About

Led by the Harvard T.H. Chan School of Public Health and the London School of Economics, ICCONIC is a collaborative of researchers from 11 countries performing a series of international comparisons of high-need, high-cost individuals across the trajectory of health care.

Although health systems around the world are diverse, they all have similar goals: maximizing quality of care for their populations, offering services that are responsive to patient needs, and providing value for money.

One key challenge facing many health systems is how to best design services to provide care to a small number of high-need, high-cost individuals.

This is a clinically diverse group of patients ranging from individuals who live with extreme functional limitations, others with persistent behavioral health challenges, and still others with multiple, complex chronic illnesses. These individuals often use high levels of health care services, tend to experience worse patient outcomes, and are often quite expensive to care for.

For these reasons, high-need, high-cost populations are arguably the group that stands to benefit the most from a better understanding of the effectiveness of different delivery systems.

Despite the enormous importance of this population, there is limited comparable data on how common these types of patients are across countries, and how patterns of utilization and cost differ across health systems. This lack of information limits the potential for mutual learning and potential policy transfer across countries.

ICCONIC hopes to address this problem by developing a novel methodology for comparing cost, utilization, and outcomes of high-need, high-cost populations across different healthcare systems.

Our Approach

We used national and regional patient-level datasets to explore variations in the cost, utilization, and quality of health care for two types of high-need, high-cost (HNHC) patients:

1) A frail older patient recovering from a hip fracture, and

2) An older person with complex multimorbidity (e.g., hospitalized with heart failure and a comorbid diagnosis of diabetes).

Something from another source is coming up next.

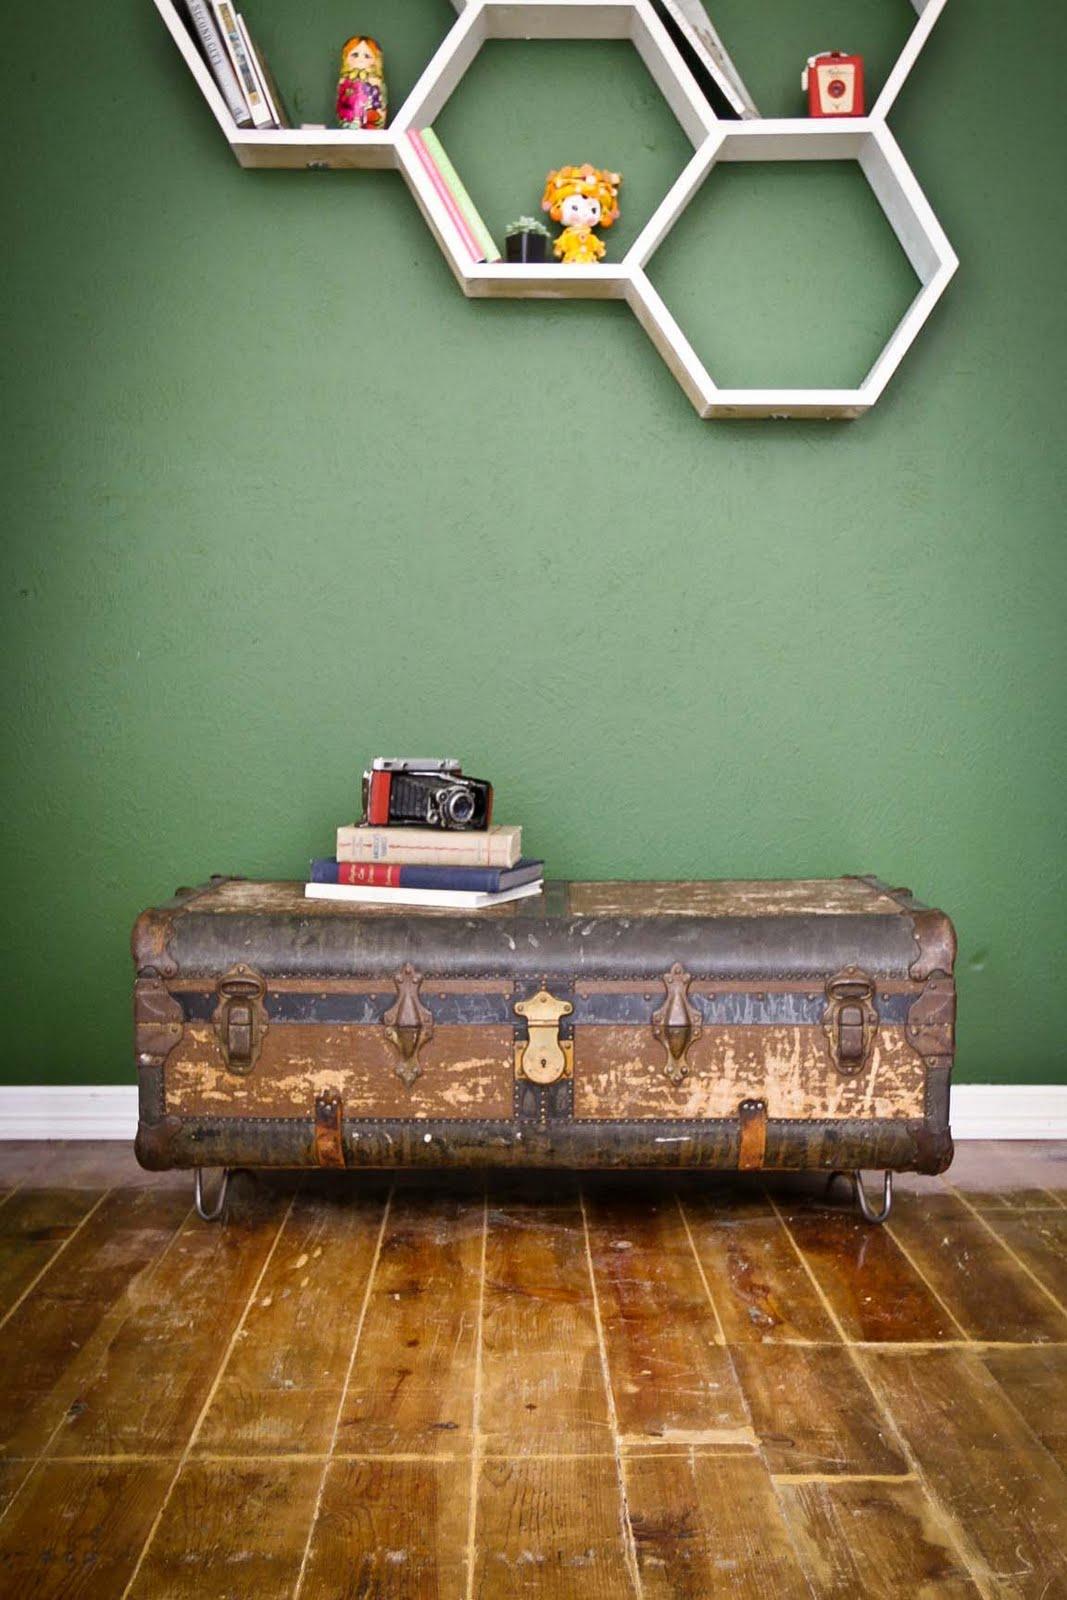 ... Dingaling Vintage----->: Vintage Suitcase Coffee Table #7
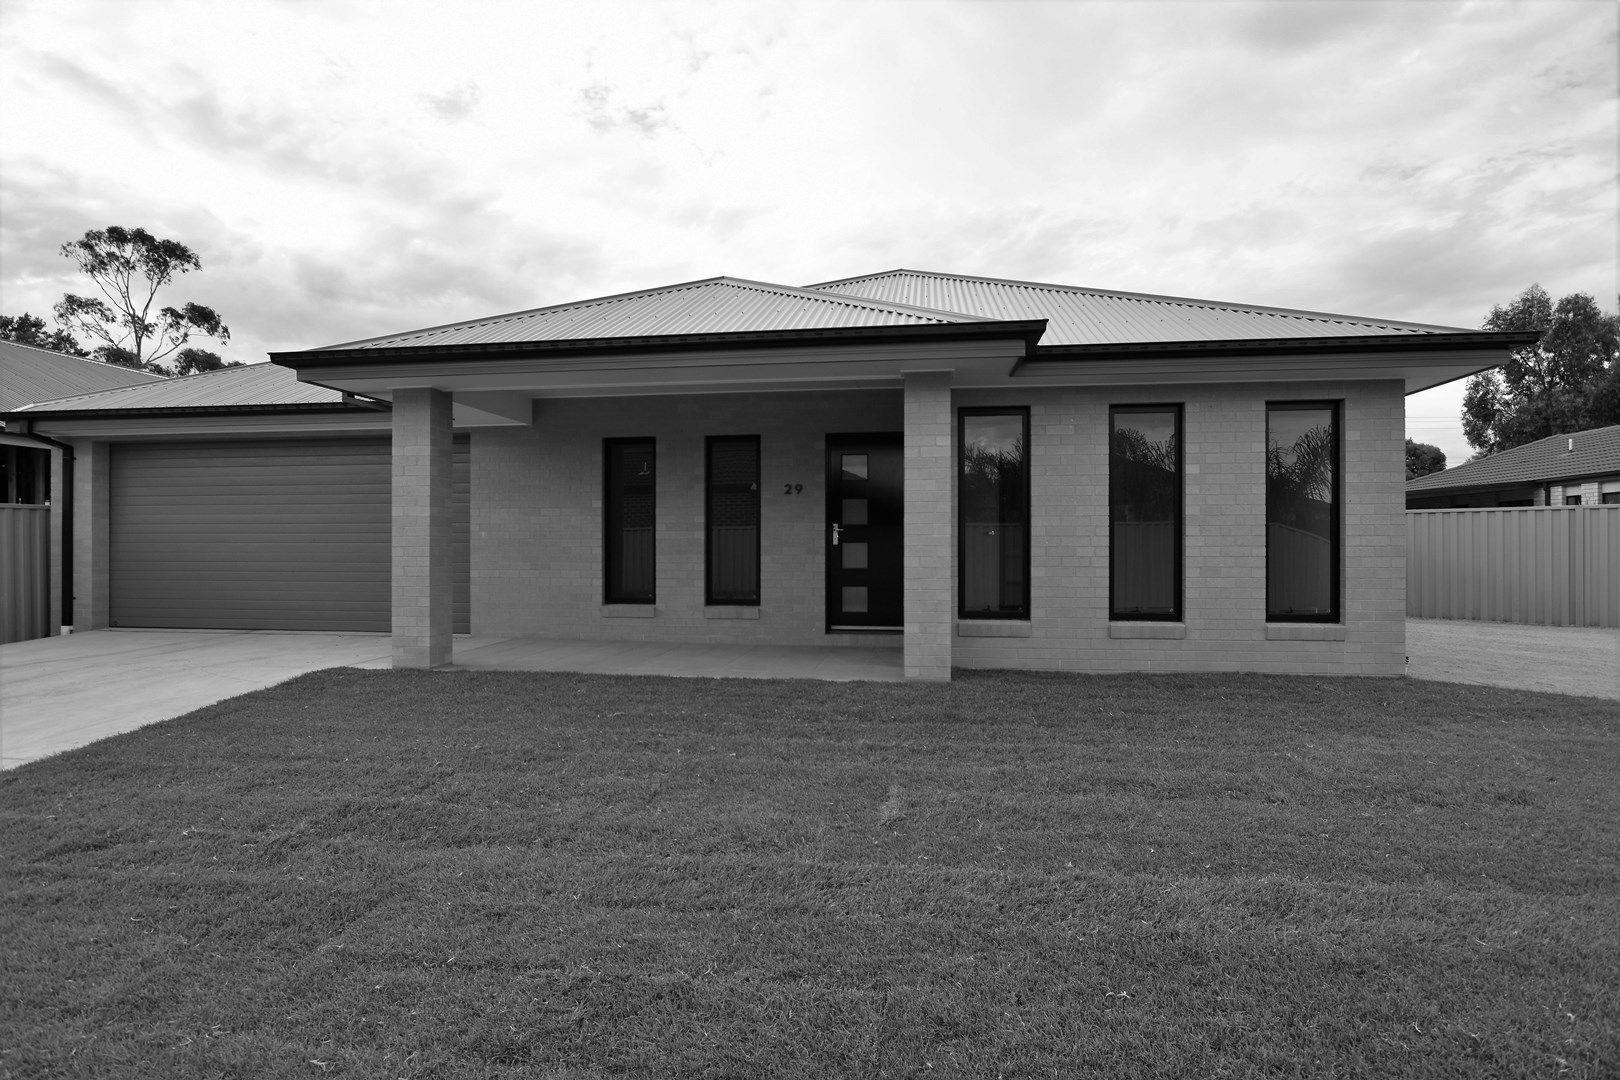 29 Struve Court, Echuca VIC 3564, Image 0

Using available data, we compared HNHC personas across the care trajectory in 11 high-income countries: the United States, England, Canada, France, Sweden, Australia, New Zealand, the Netherlands, Germany, Switzerland and Spain.

Our study focuses on three main questions:

  1. What proportion of the two specific high-need patient types are identifiable in a large sample of administrative claims data in each country?
  2. Are there meaningful differences in patterns of spending and utilization associated with these two high-need personas across countries?
  3. How do patient outcomes for these high-need personas, including readmissions and mortality, vary by country?